On Wed, Feb 8, 2012 at 12:47 AM, Simon A. Eugster <simon.eu@...> wrote:
> On 02/08/2012 09:08 AM, Alexandre Prokoudine wrote:
>> On Wed, Feb 8, 2012 at 11:32 AM, Simon A. Eugster wrote:
>>> I have no idea how you manage to have a link to a solution for nearly
>>> every problem. Thanks for the link!
>> YW :)
>>> How accurate can we position audio streams? Just by full frames, or is
>>> it possible to have a finer granularity? When I synced audio/video I
>>> often had the problem that the audio was too early and after moving it
>>> by one frame it was too late.
then your sense is more acute than most humans'
>> Admittedly, I haven't had a chance to test it myself yet. However
> Already read! :)
> I rather meant kdenlive/MLT here. Can we move an audio clip by just a
> few samples or only by full frames?
at the framework level only by frame, but something more precise can
be achieved with an audio filter, e.g. sox.delay
>> "The algorithm I settled on resembles the method a human uses when
>> looking at the waveform view. First, it breaks each input audio stream
>> into 40 ms blocks and computes the mean absolute value of each block.

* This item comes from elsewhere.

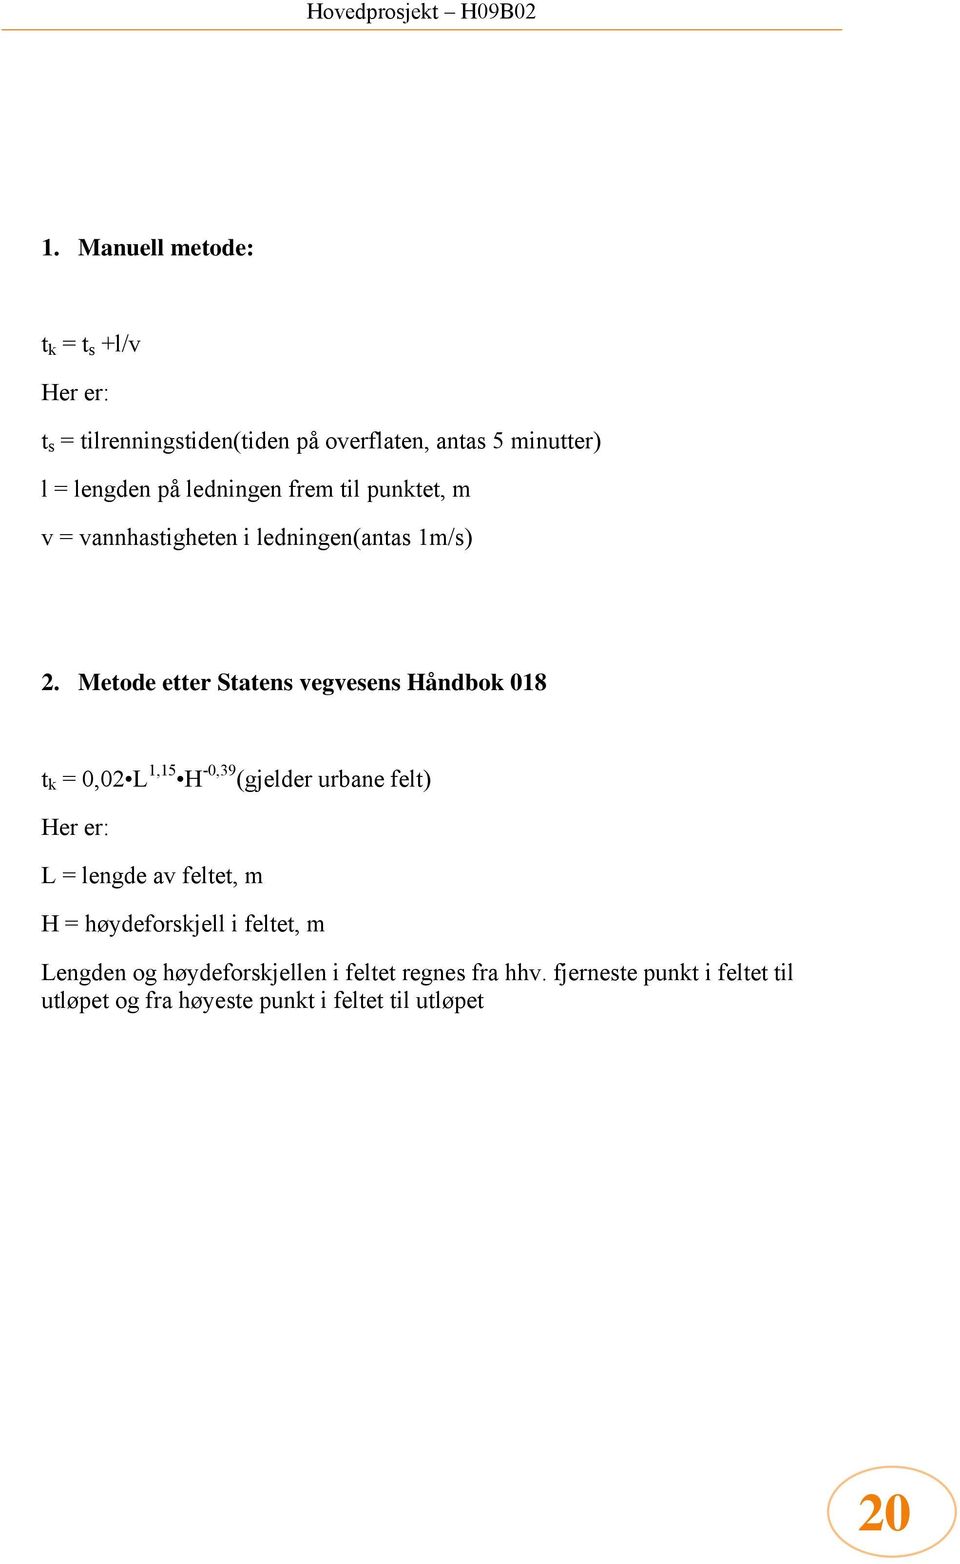 Metode etter Statens vegvesens Håndbok 018 t k = 0,02 L 1,15 H -0,39 (gjelder urbane felt) Her er: L = lengde av feltet,

40ms aka duration of 25 fps frame, this value can be simply computed
>> The resulting 25 Hz signal is the “volume envelope”. The code
>> subtracts the mean volume from each track’s envelope, then performs a
>> cross-correlation between tracks and looks for the peak, which
>> identifies the relative shift.
can be implemented as a passive transition that computes the shift and
reports it through a property. Then, an application can make a
frame-level adjustment at the edit level and apply sox.delay or
frei0r.delay0r filters for sub-frame accuracy. Or, the transition can
be dual pass, and perform the sub-frame adjustments itself on the
Alternatively, kdenlive is already getting all of the audio in a
consumer-frame-show event, so it could just do all of this analysis in
its own code and use existing filters for sub-frame accuracy.

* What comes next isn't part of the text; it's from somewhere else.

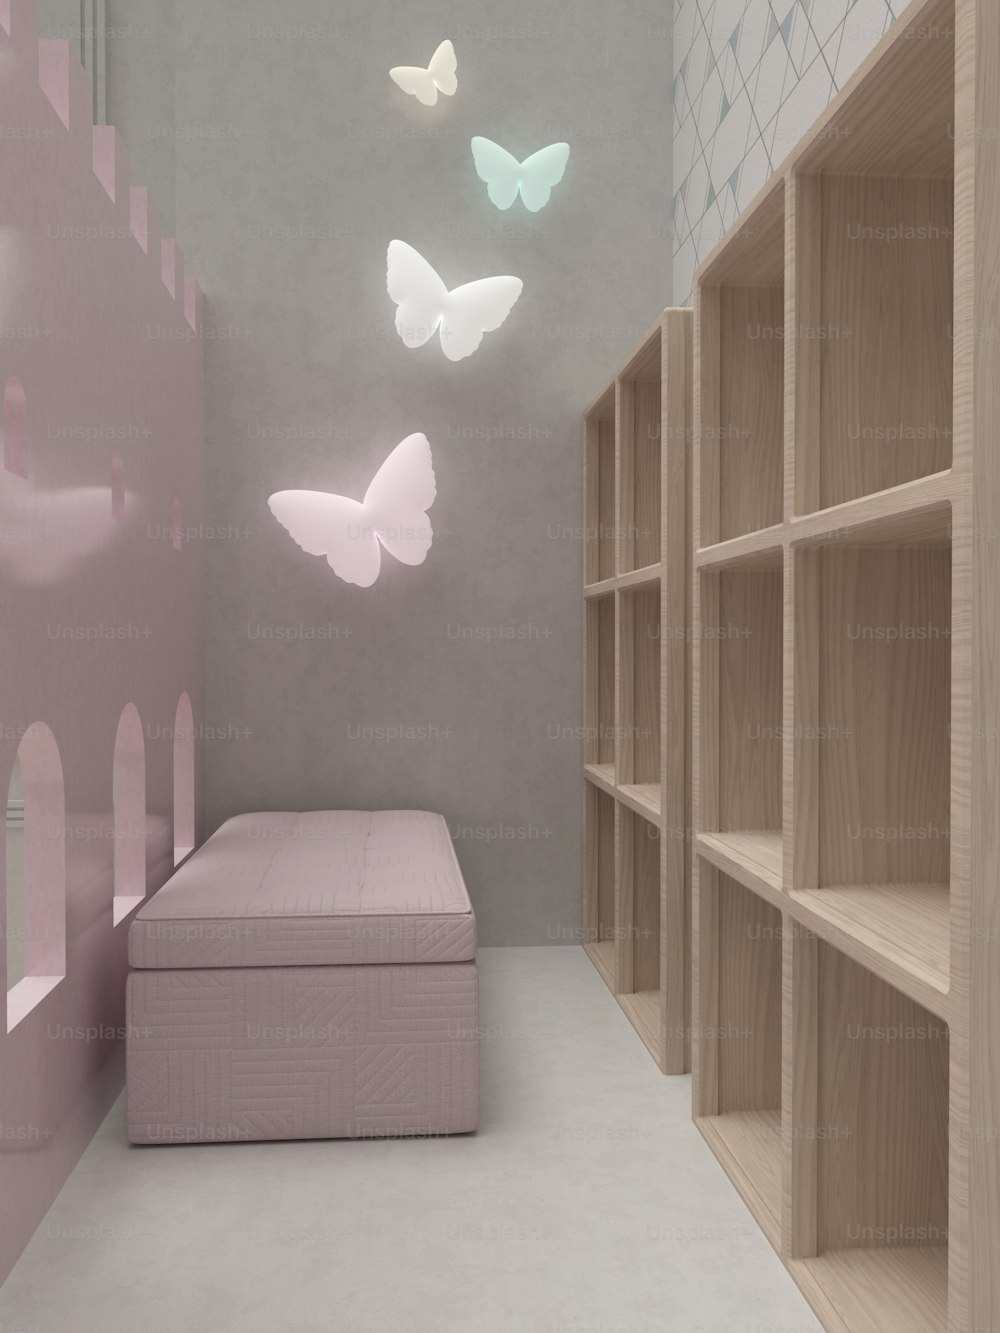 壁にベッド、棚、蝶がある部屋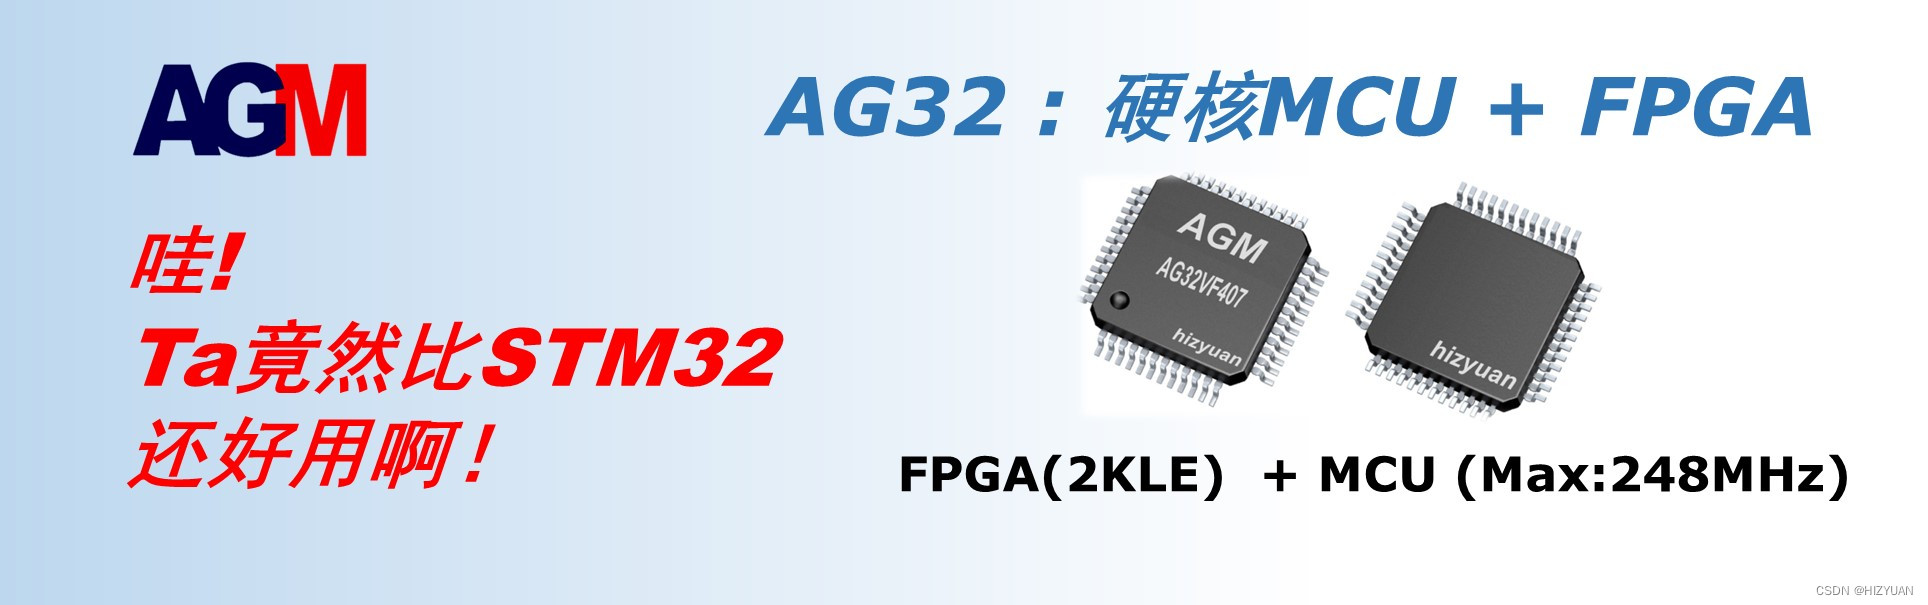 AG32 MCU 如何进入低功耗模式

>> To avoid performing N^2
>> cross-correlations, one clip is selected as the fixed reference, and
>> all others are compared to it. The peak position is quantized to the
>> block duration (creating an error of +/- 20ms), so to improve accuracy
>> a parabolic fit is used to interpolate the true maximum. I don’t know
>> the exact residual error, but I expect it’s typically less than 5 ms,
>> which should be plenty good enough, seeing as sound travels about 1
>> foot per ms."
>> Alexandre Prokoudine